[Opening Entries shown section]
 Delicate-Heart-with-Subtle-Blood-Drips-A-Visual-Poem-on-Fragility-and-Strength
[Closing Entries shown section]
[Opening Entries shown section]
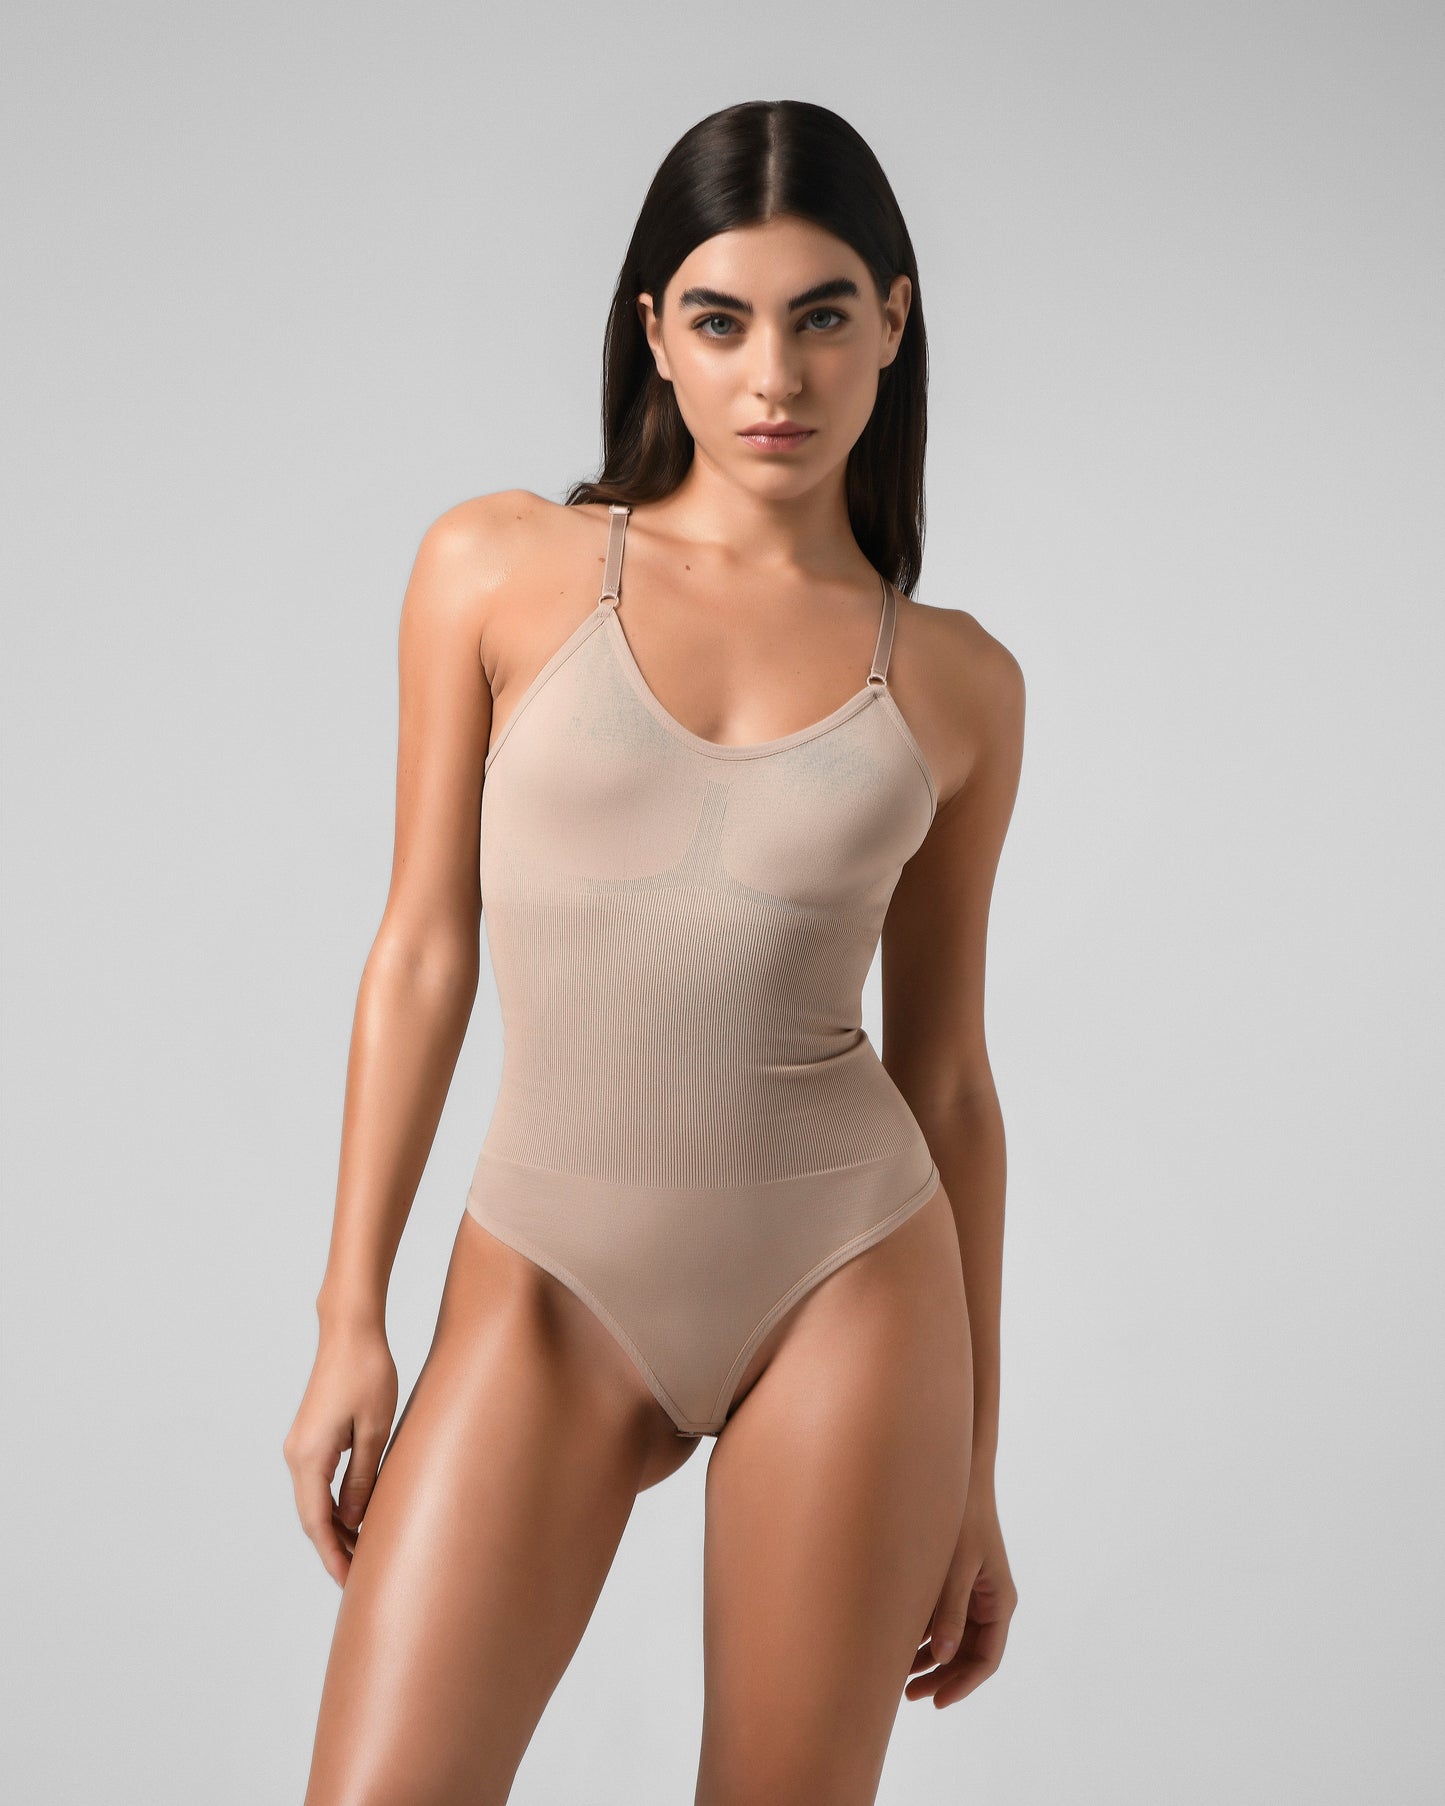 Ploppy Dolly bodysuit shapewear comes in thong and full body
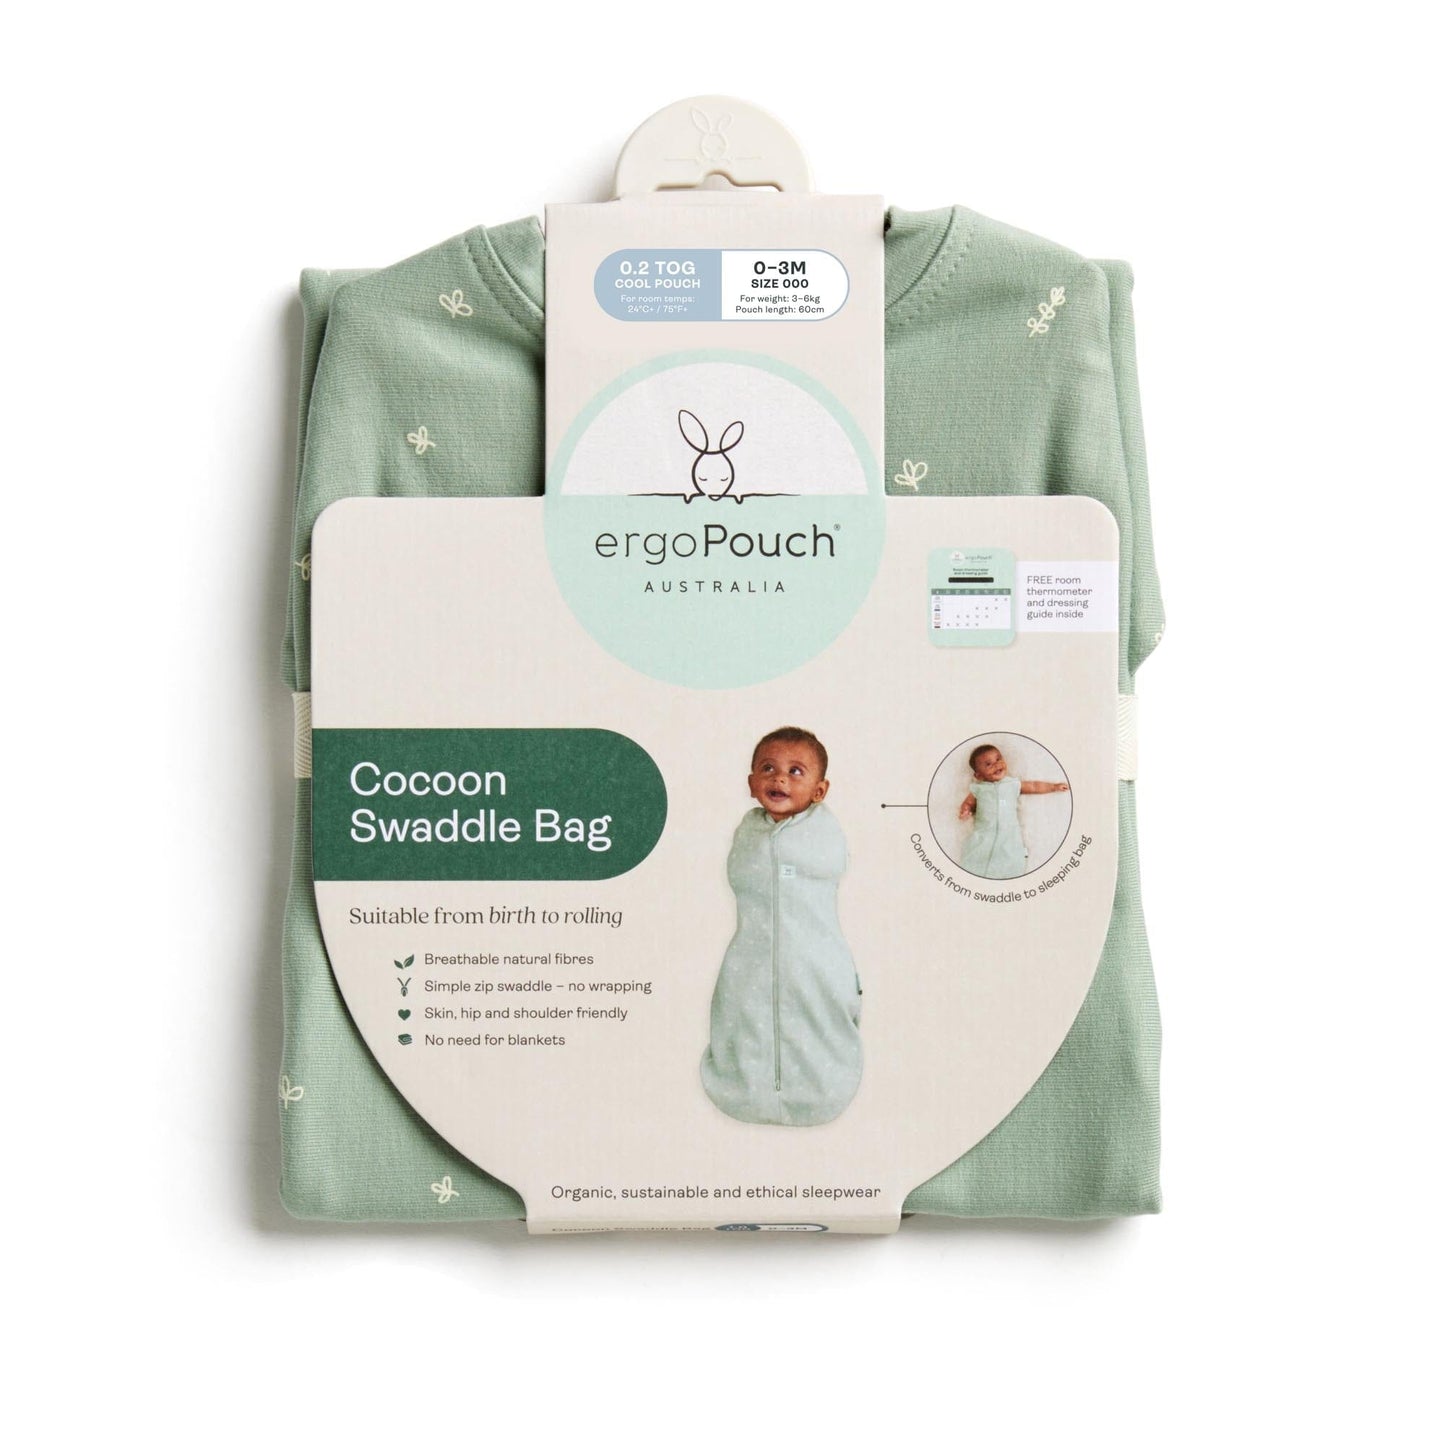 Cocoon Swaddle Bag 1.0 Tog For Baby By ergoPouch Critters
[Closing Entries shown section]
Find the line with "Ploppy Dolly bodysuit" and the line with "Cocoon Swaddle Bag" in the records above. Copy both and all lines between them exactly, without pictures.

▶ Exercise solution
 Ploppy Dolly bodysuit shapewear comes in thong and full body
 Cocoon Swaddle Bag 1.0 Tog For Baby By ergoPouch Critters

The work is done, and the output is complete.